Le musicien Bucket Drummer Masa, 28 ans, ne se revendique pas comme un maker. Sa lutherie maison, une batterie de seaux plastique et un didgeridoo en PVC, lui a cependant apporté la renommée. Rencontre.
Tokyo, de notre correspondante
On le retrouve souvent installé dans un coin des passages piétons de Shibuya ou de Shinjuku, les quartiers branchés et bondés de la capitale japonaise, entouré de spectateurs captivés les samedis ou dimanches soirs. Un jeune homme à casquette, grosses lunettes noires et barbe de hipster tape sur des seaux en plastique, des ustensiles de cuisine en métal, souffle dans un long tuyau en PVC couvert d’autocollants.
Si le spectacle captive, le son complète l’hypnose : le rythme inlassable des battements, dont le timbre varie selon la configuration du tambour, et le bourdonnement ininterrompu du tuyau en guise de didgeridoo, transforment la nébuleuse sonore en transe. Bucket Drummer Masa (le batteur qui tape sur des seaux), nom de scène du musicien de rue Masamichi Kato, mixe le low-tech, l’endurance et le plaisir du partage.
La route de Masa, 28 ans, a commencé il y a plusieurs années avec un rêve : faire une tournée en dormant sous la tente, sans trop dépenser. Sauf qu’une batterie est trop lourde à transporter dans un sac à dos… Il découvre alors les bucket drummers sur Internet, ces musiciens de rue qui tapent sur des seaux et autres instruments de percussion improvisés. Il est séduit, puis convaincu. Il récupère des seaux en plastique dans une station service, expérimente les différentes sonorités des seaux renversés, superposés, vidés et remplis…
Histoire de se distinguer des nombreux autres bucket drummers déjà actifs à travers le monde, il achète un long tuyau en PVC dans un magasin de bricolage qu’il façonne en didgeridoo. Cet instrument de musique à vent, probablement le plus ancien au monde, joué par les aborigènes d’Australie il y a au moins 1 500 ans, n’est pas facile à maîtriser, encore moins quand on joue de la batterie en même temps. « Une fois qu’on apprend la respiration circulaire, on s’y habitue », dit le percussionniste aventureux.

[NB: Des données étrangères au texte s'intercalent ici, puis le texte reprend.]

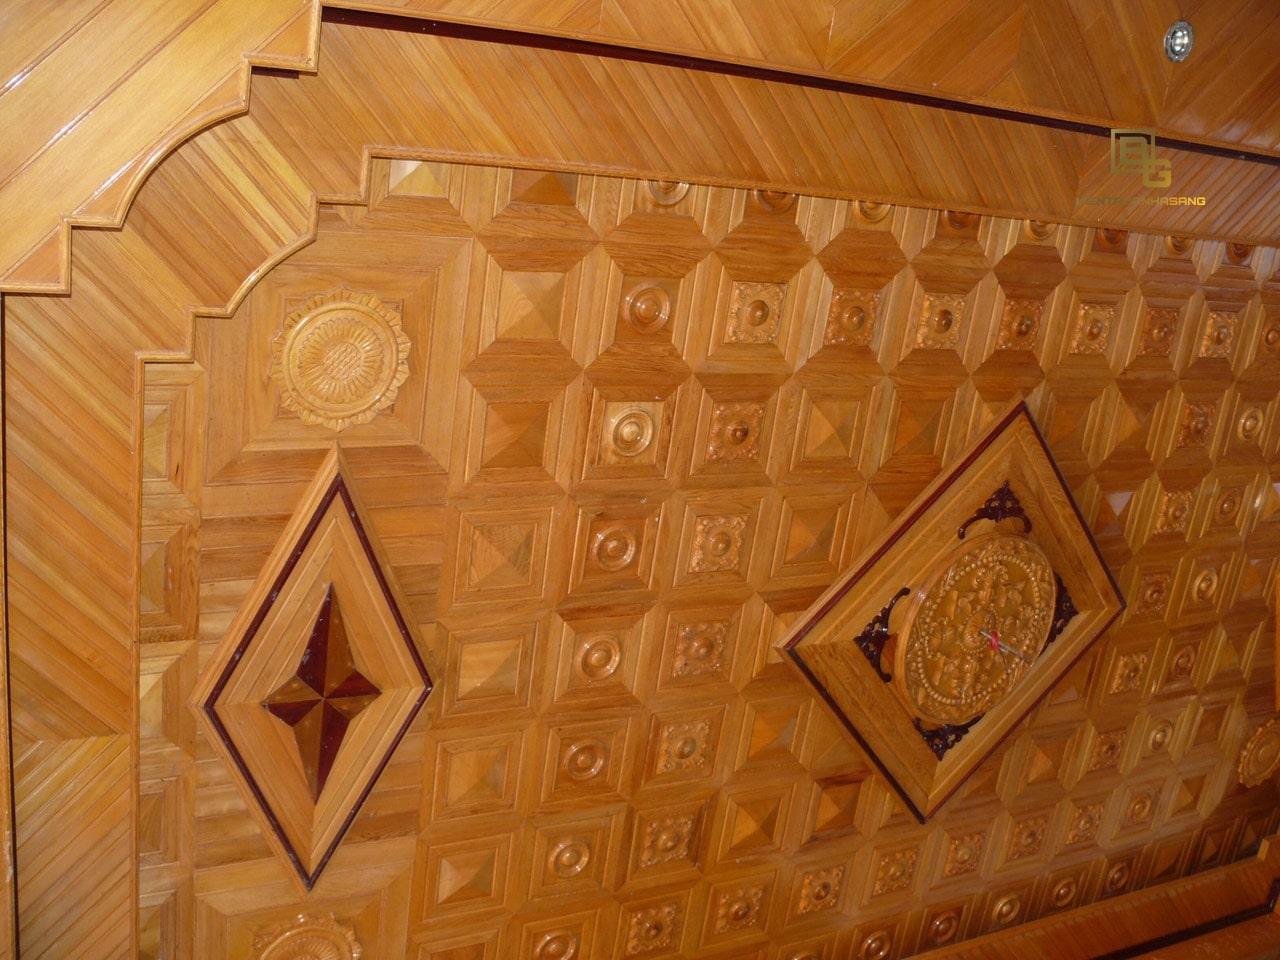 Mẫu trần gỗ Pơ Mu đẹp

Bucket Drummer Masa sur scène au Pesta Camp, juillet 2016:
En effet, si d’autres musiciens DiY dans le monde ont réussi à perfectionner, voire professionnaliser, leur spectacle de percussions insolites (on pense à l’Italian Dario Rossi), de tuyaux techno acoustiques (le Pipe Guy australien) ou même de didgeridoo hip hop (le Japonais Smily), Masa semble avoir trouvé sa niche en mélangeant les genres et les instruments. « Je voulais relever le défi d’émuler la musique électronique, comme la techno et la transe, autant que possible avec de l’analogique », dit-il.
En février 2012, Masa commence à battre les seaux et jouer de son didgeridoo DiY dans les rues de Melbourne, où il est bien reçu par les passants australiens. Content d’avoir enfin trouvé son bonheur, il rentre au Japon pour entamer son voyage de rêve : une tournée épique à travers chacune des 47 préfectures du Japon, d’Okinawa à Hokkaido, en passant par son lieu natal de Kanagawa au sud de Tokyo.
Avec Bucket Drummer Masa (en japonais):
La plus forte impression de son one man roadshow lui est venue de la préfecture de Mie. Alors qu’il jouait devant un petit groupe de spectateurs, il remarque un jeune garçon qui, trop timide pour s’approcher, se cache derrière son père, les yeux rivés sur sa longue barbe. Le lendemain matin, Masa recevait un message de la mère du garçon, qui, une fois rentré à la maison, s’était mis une fausse barbe et avait commencé à taper sur des seaux et des bols de récup.
Masa ne se considère pas vraiment comme un maker. Il lui est pourtant arrivé d’animer quelques ateliers, tout comme il est parfois invité à partager sa musique avec les enfants dans les écoles primaires et les jardins d’enfants. Mais ce qui compte le plus pour ce luthier DiY malgré lui, c’est la découverte du plaisir par la création du son. Comme il le raconte à la fin de sa conférence TEDx à l’université de Nagoya en 2015, l’essentiel est de toujours chercher son plaisir au-delà des normes sociales, de retrouver l’invisible et de découvrir l’inattendu. Pour Masa, en tout cas, la révélation a pris la forme des bucket drums et d’un didgeridoo DiY.